Context: For my Android project I have a lot of resources, which slow down my build. I've deleted those files from my filesystem to speed up the build process. But of course GIT sees those changes, and fills up my Sourcetree GIT client making it hard for me to see the actual code changes I make.

I was thinking a solution could be adding these resource files to .gitignore. So I've created a .gitignore file in the res/ folder and committed it. But when I deleted the resource files, GIT still saw them as changes. I think this is because the files are already under GIT control. UPDATE: The file deletions may not be committed, because that will delete the resource files from de development branch when I merge my feature branch.

Rule
  • 629
  • 1
  • 9
  • 19

2 Answers2

1

If your files had already been part of the Git repo, you will first need to commit the deletions, then add them to .gitignore.

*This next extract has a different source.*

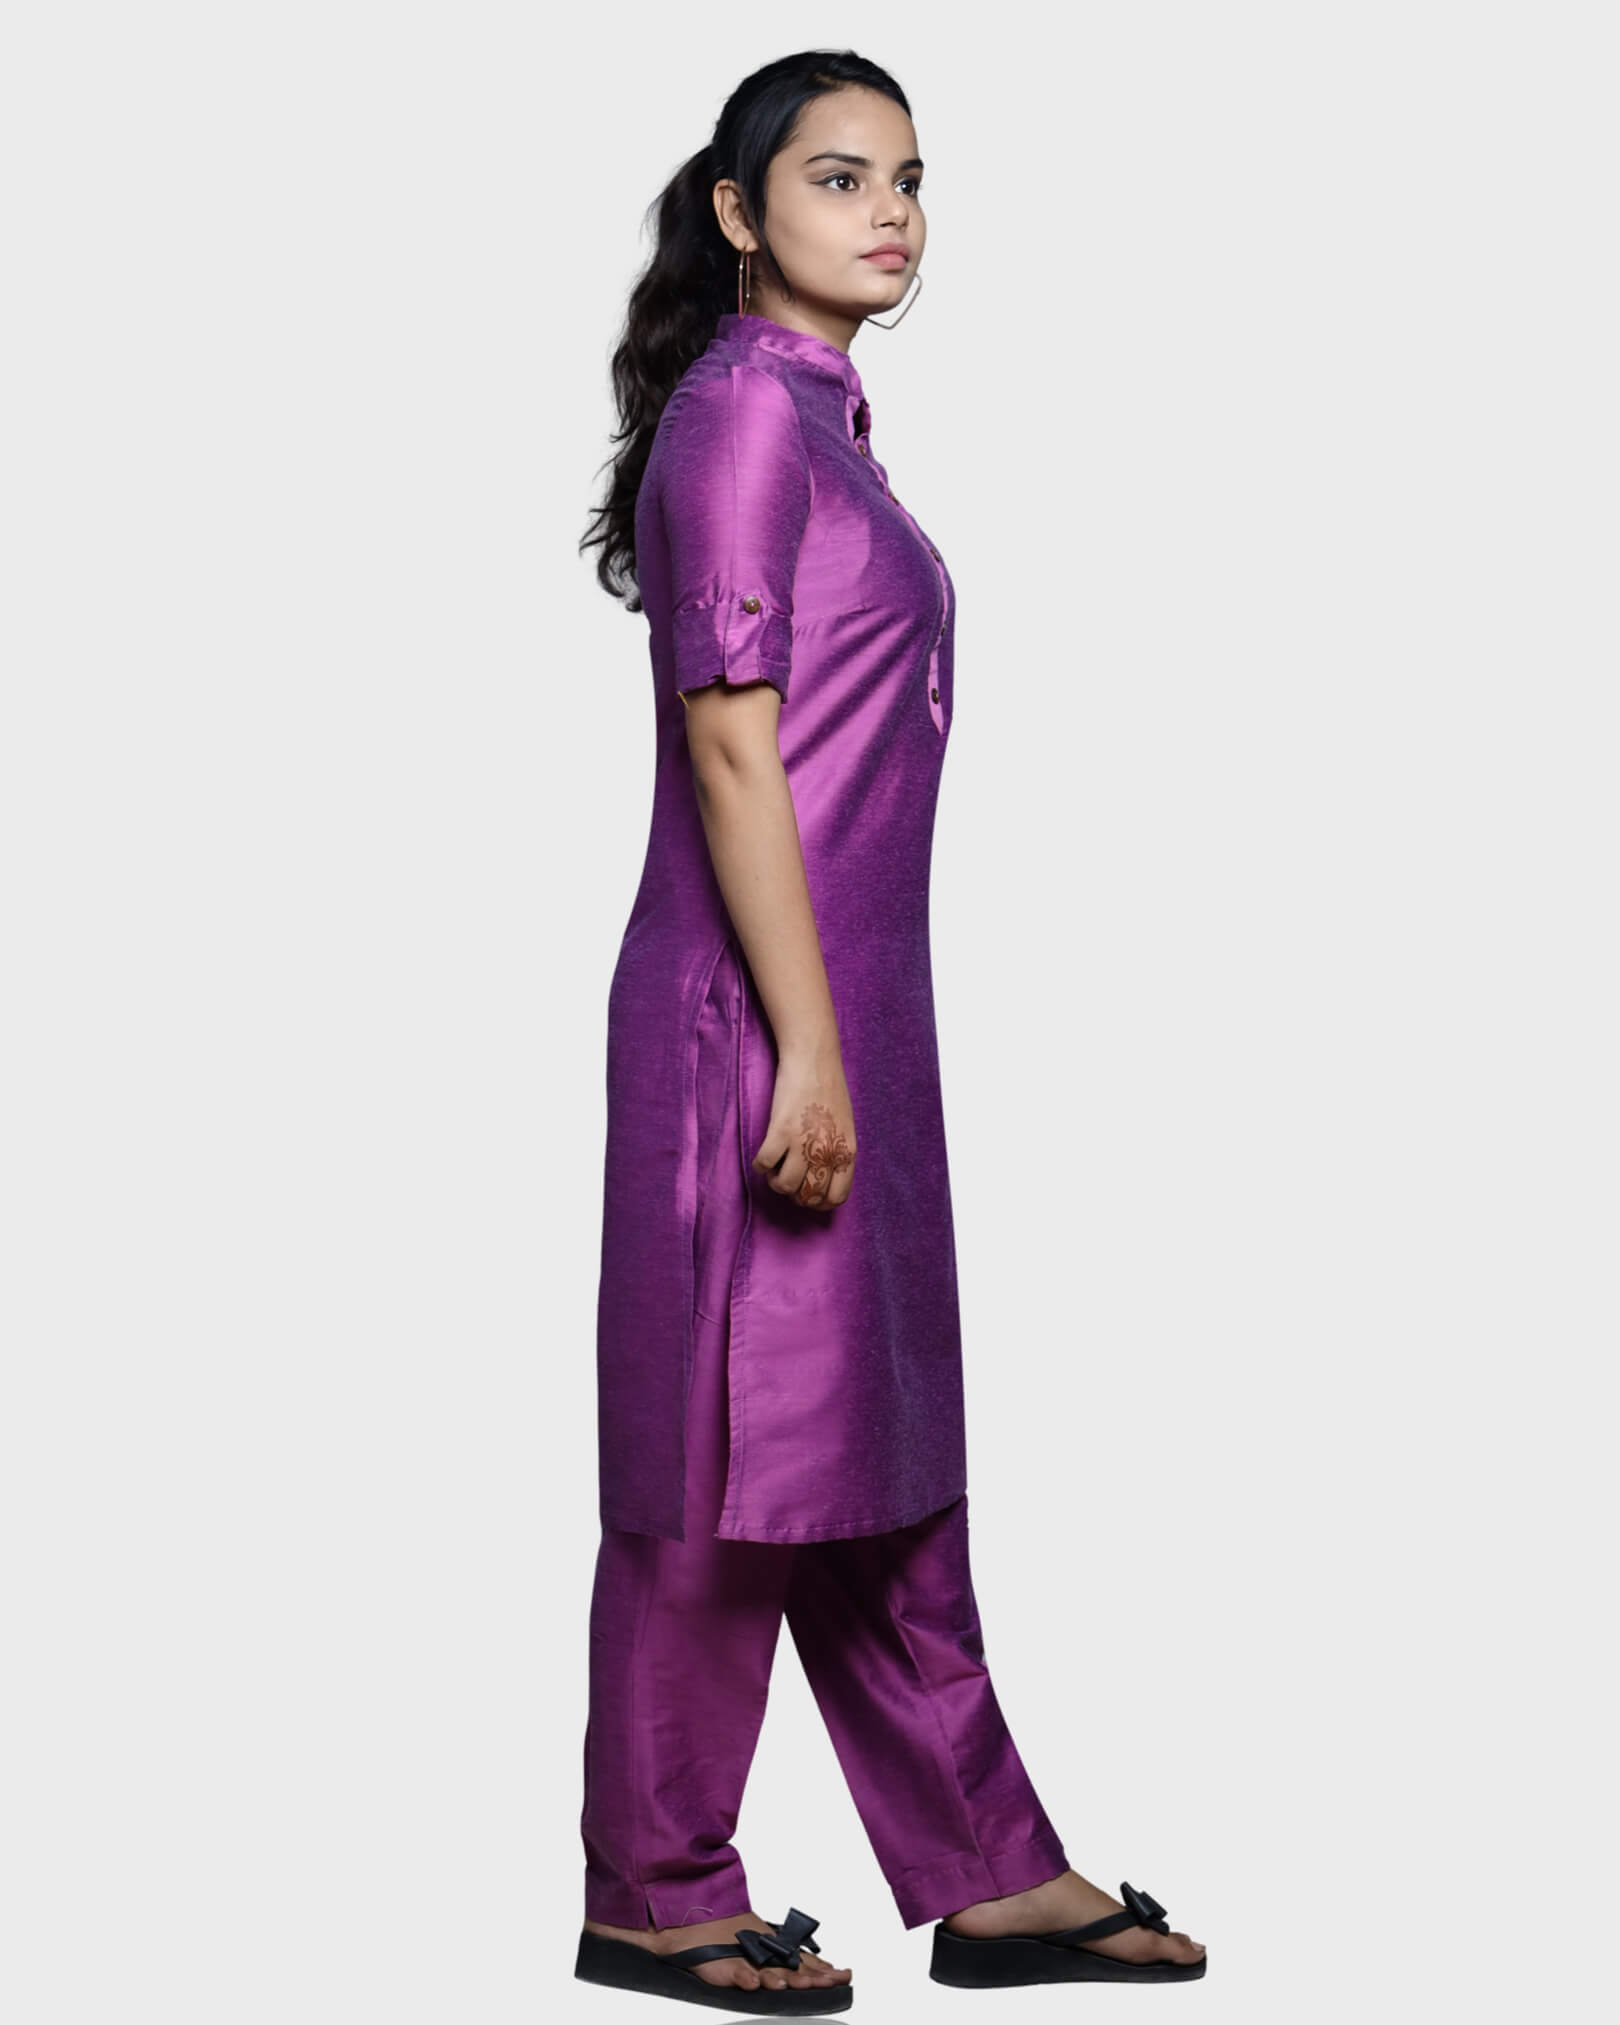 Silkfab Women's Banarasi Silk Magenta Solid Kurti Pant Set - SILKFAB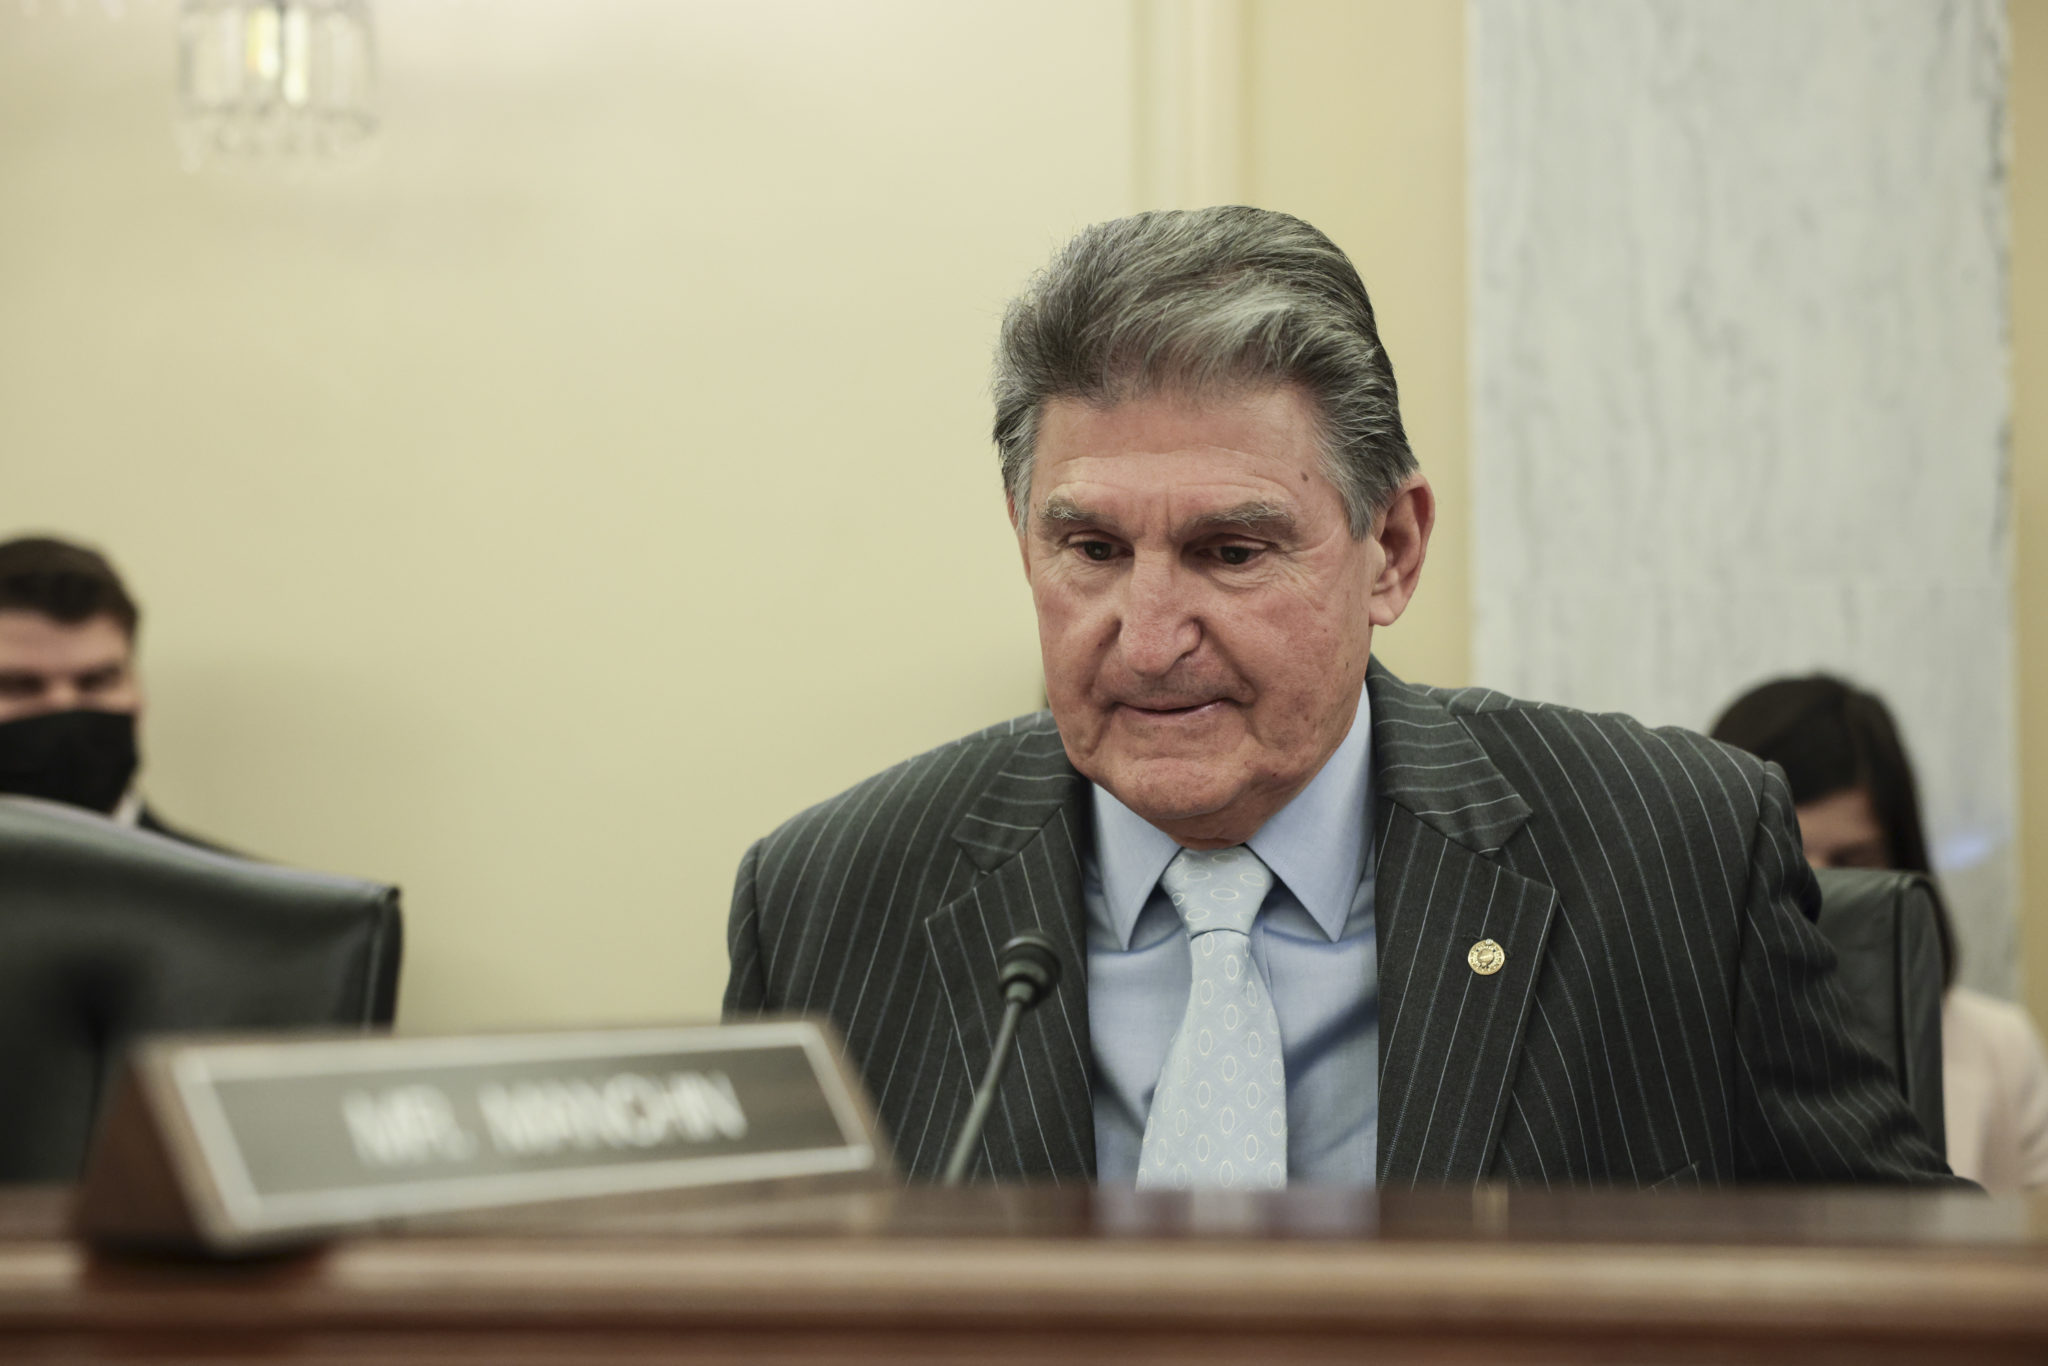 Senate Veterans' Affairs Committee Convenes For Business Meeting

  • git add ... - add all of the deleted files
  • git commit ... - commit the deletions
  • Add the deleted files to .gitignore

Once you've done that, they shouldn't show up anymore as unstaged changes.

If you're only concerned about ignoring the files locally without committing the deletions, please take a look at this question, it's about a similar problem: Git ignore locally deleted folder

Community
  • 1
  • 1
nwinkler
  • 52,665
  • 21
  • 154
  • 168
  • Thanks for your answer, but I forgot to tell that I cannot commit the file deletions. See my updated question – Rule Jun 24 '15 at 09:12
  • 1
    Maybe take a look at this - it looks similar: http://stackoverflow.com/questions/4589333/git-ignore-locally-deleted-folder – nwinkler Jun 24 '15 at 09:16
  • That was exactly what I was looking for, thx! I've searched SO but didn't find that one. How to proceed with this question, since it's a duplicate? Delete it or? – Rule Jun 24 '15 at 09:18
  • I'll add the link to my answer - then feel free to accept it. – nwinkler Jun 24 '15 at 09:20
1

If you have deleted the files from the filesystem, say using rm, you will need to use git add [files] to stage the files for deletion on the next commit.

Or you can use git rm to do this in one step.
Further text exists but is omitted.